Criminals became more empowered through the remote setting, and eWallets are financially oriented, making them more vulnerable to cybercrime. Regulating this industry became necessary to prevent fraud. Consequently, just like other industries, eWallet firms must comply with KYC and AML frameworks set by global regulatory authorities.
What Is An eWallet?
Digital wallets (or E-wallets) are software-based systems that securely store a user’s payment information and passwords for numerous payment methods and websites. With the use of near-field communications, users can make purchases quickly and easily with digital wallets. Additionally, they can create stronger passwords without worrying about forgetting them later.
As a result of the risks involved, eWallet providers need to implement measures to prevent criminal activity. Service providers must understand the risks they face as well as the applicable legislation in their jurisdiction to ensure that their measures are effective.
E-KYC, also known as electronic KYC, refers to the remote verification of a customer’s identity during the initial registration of an account. It is implemented on an ongoing basis and triggered by events such as a customer performing large transactions or opening a new account.
With an E-KYC process, the customer’s true identity is verifiable, therefore, customer-related risks are evaluated and analyzed. An e-wallet firm that follows this process not only ensures maximum security but also avoids heavy fines and penalties that could arise from KYC/AML non-compliance.
Additionally, e-wallet service providers use facial recognition as a security measure as part of the e-KYC process. With the help of liveness detection, an e-wallet is able to verify a customer’s live presence. It involves detecting facial expressions and eye movements to identify potential spoof attacks.

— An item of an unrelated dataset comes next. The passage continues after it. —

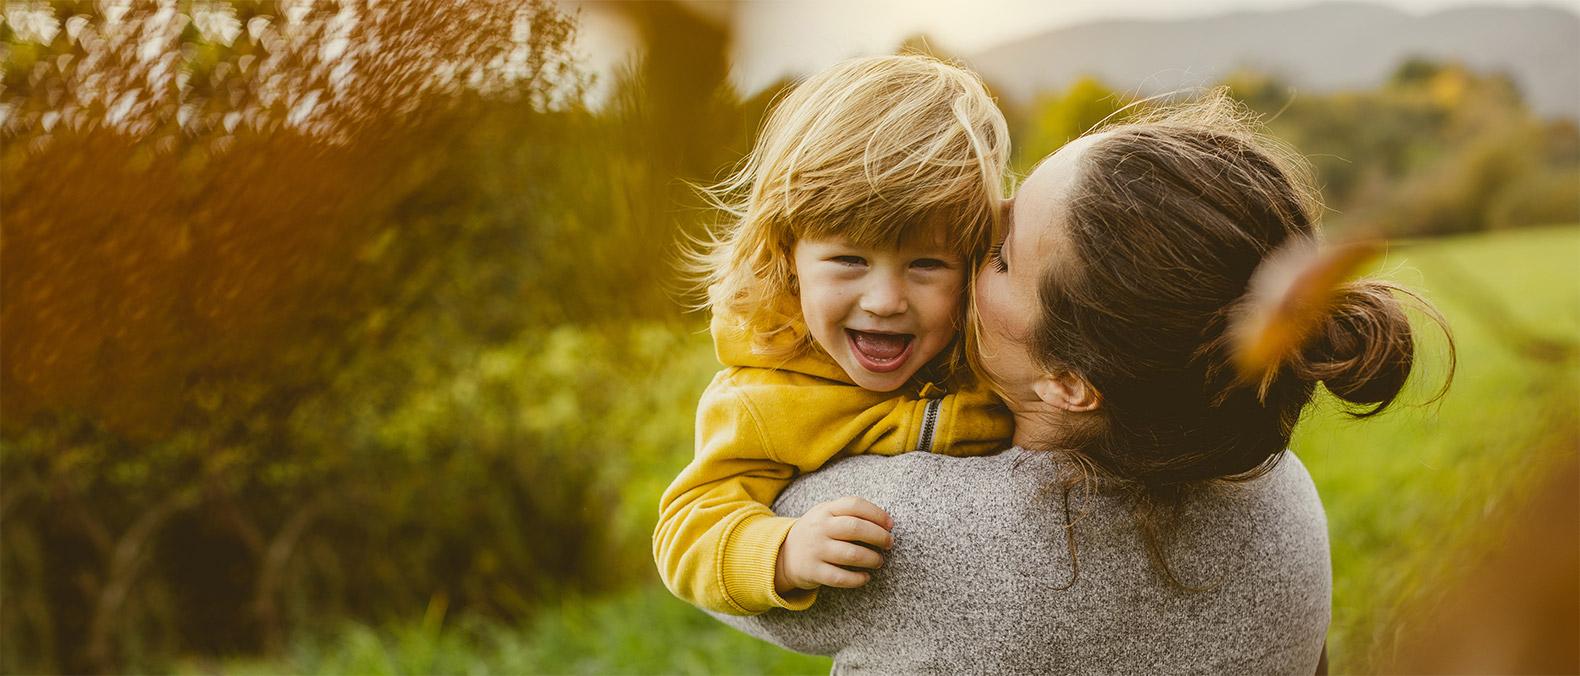 la aventura de educar hijos

In order to comply with AML regulations, customers must be screened against criminal watch-lists, Politically Exposed Persons (PEP) lists, adverse media stories, and global sanctions.
Every member state must implement what the FATF has outlined as an AML/CFT framework based on risk. According to this regulation, providers of e-wallet services are required to conduct a risk analysis on every customer to rule out potential criminal threats.
In practice, e-wallets should comply with AML compliance standards by taking the following steps:
- Due Diligence of Customers
This involves verifying and authenticating the customer’s full name, address, date of birth, etc. EDD (Enhanced Due Diligence) measures must be implemented for customers who are designated with a high-risk rating.
- Transaction Monitoring
E-wallet service providers should monitor customer transactions to identify suspicious activity that may be indicative of money laundering. If a suspicious transaction is detected, the firm must file a Suspicious Activity Report (SAR) with the authorities.
- Ongoing Screening
In order to minimize reputational and financial risks, e-wallet firms need to conduct ongoing customer screenings. E-wallet users are verified against global sanctions and criminal watch-lists during this process.